▶ Exercise directions
Everything in the data must be repeated exactly, apart from the pictures, which are left out.

▶ Information provided
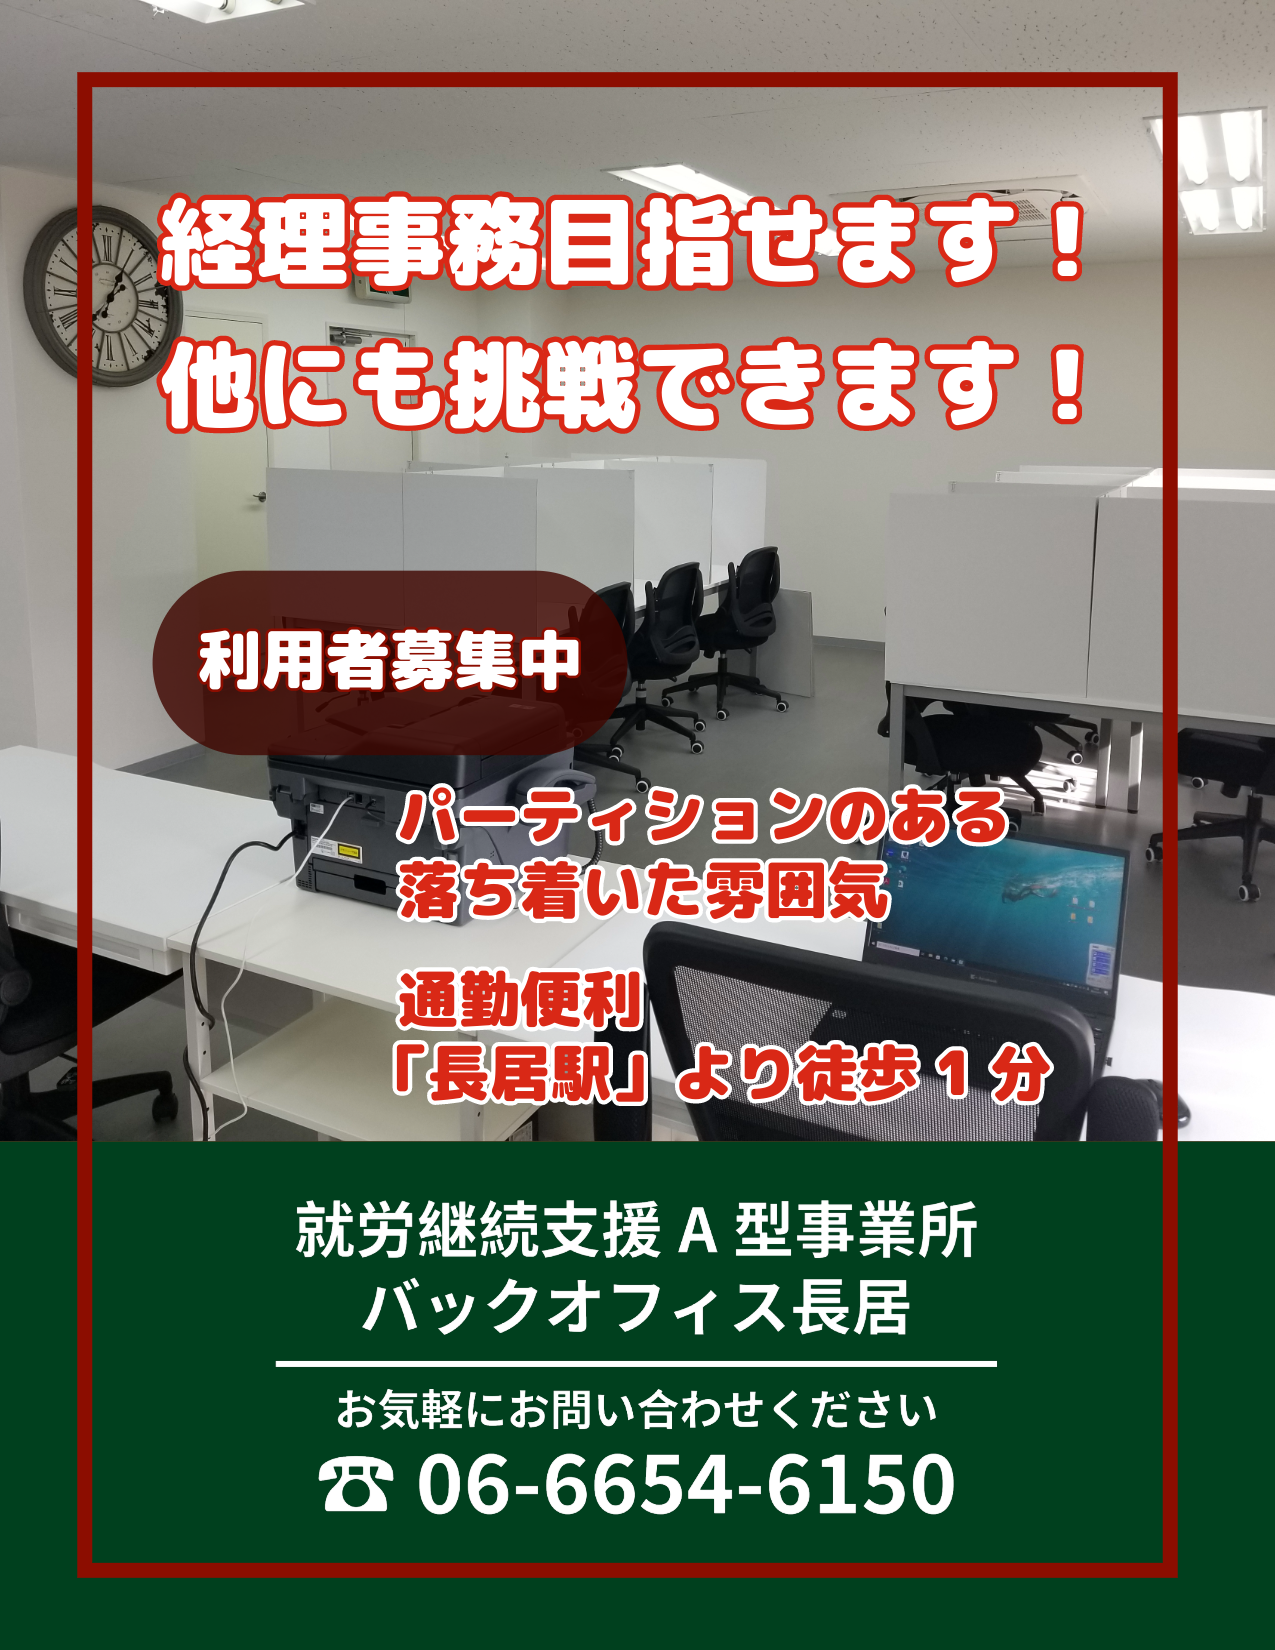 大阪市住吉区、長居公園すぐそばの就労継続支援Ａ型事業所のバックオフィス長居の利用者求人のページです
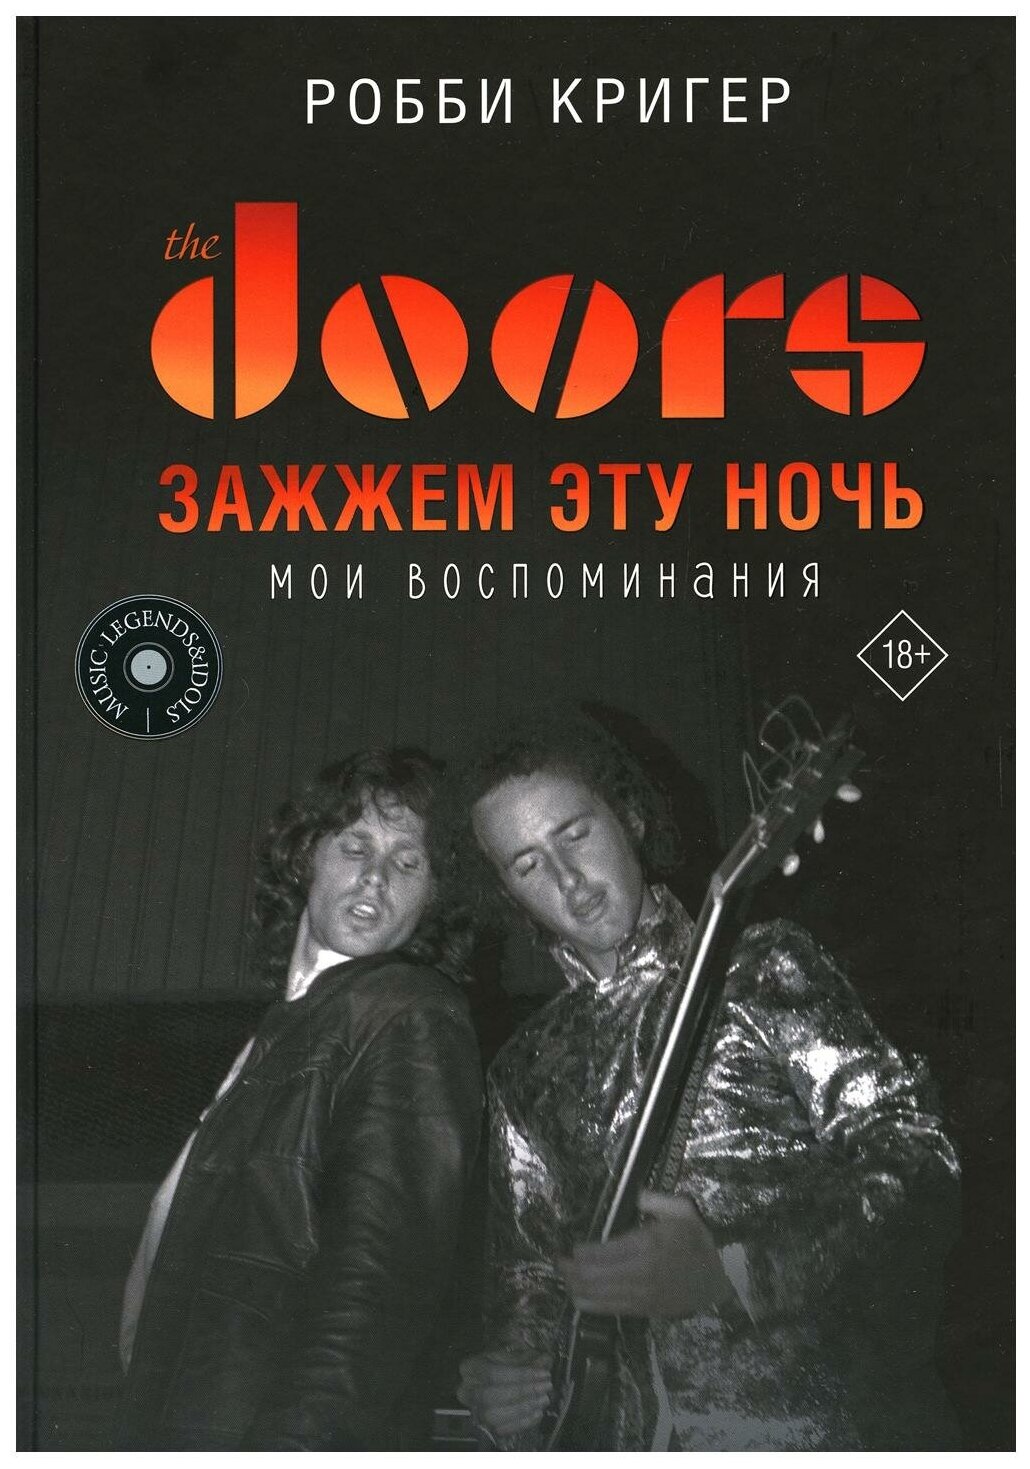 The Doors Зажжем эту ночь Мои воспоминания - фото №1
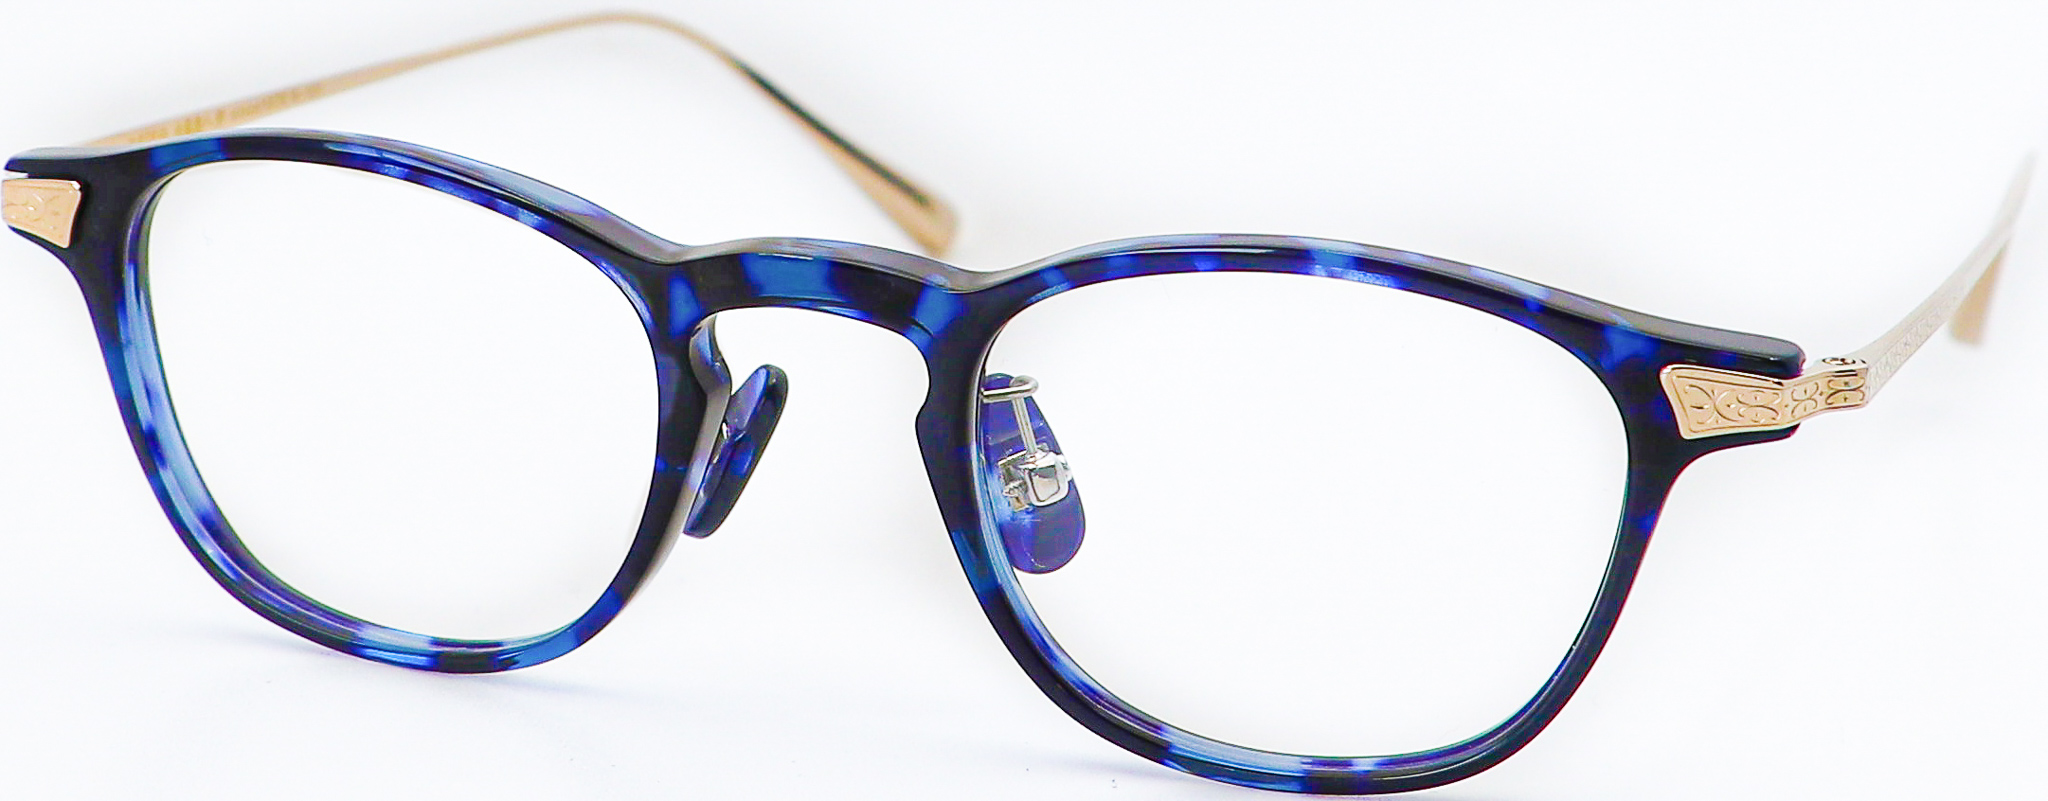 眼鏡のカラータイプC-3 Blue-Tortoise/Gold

▶ Response below
 大阪市住吉区、長居公園すぐそばの就労継続支援Ａ型事業所のバックオフィス長居の利用者求人のページです
 The Doors Зажжем эту ночь Мои воспоминания - фото №1
 眼鏡のカラータイプC-3 Blue-Tortoise/Gold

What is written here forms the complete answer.